= About this task =
Transcribe only the lines of the listing below from the one holding "粒密輸エジプト人和ろうそく 型和蝋燭 ローソク 豆型 棒タイプ 白 100本入り" through the one holding "Saadabad Palastanlage grüne Oase", inclusive, without any change.

= Data for processing =
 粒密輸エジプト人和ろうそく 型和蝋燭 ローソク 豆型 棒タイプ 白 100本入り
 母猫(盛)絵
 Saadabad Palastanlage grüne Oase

---

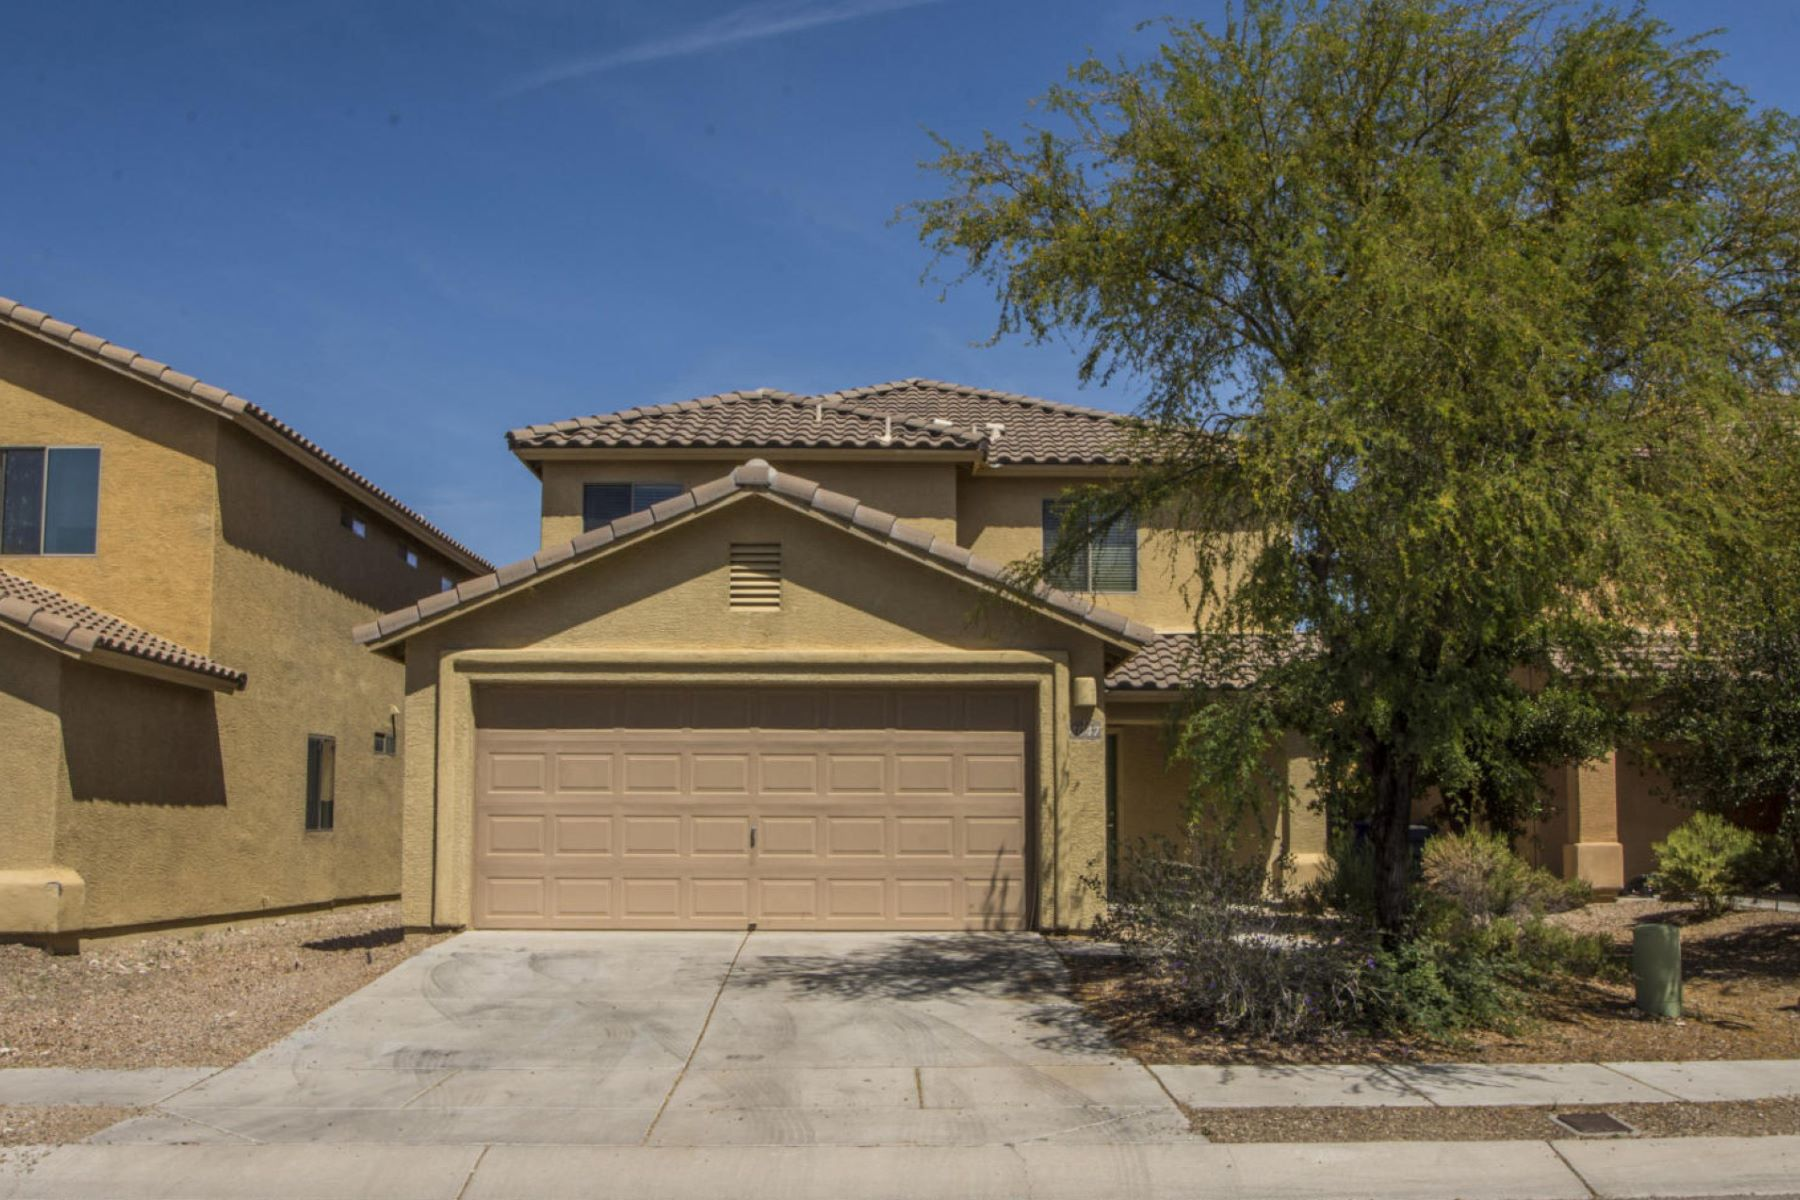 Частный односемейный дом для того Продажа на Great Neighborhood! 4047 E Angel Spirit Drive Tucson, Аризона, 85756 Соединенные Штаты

= Result of the exercise =
 粒密輸エジプト人和ろうそく 型和蝋燭 ローソク 豆型 棒タイプ 白 100本入り
 母猫(盛)絵
 Saadabad Palastanlage grüne Oase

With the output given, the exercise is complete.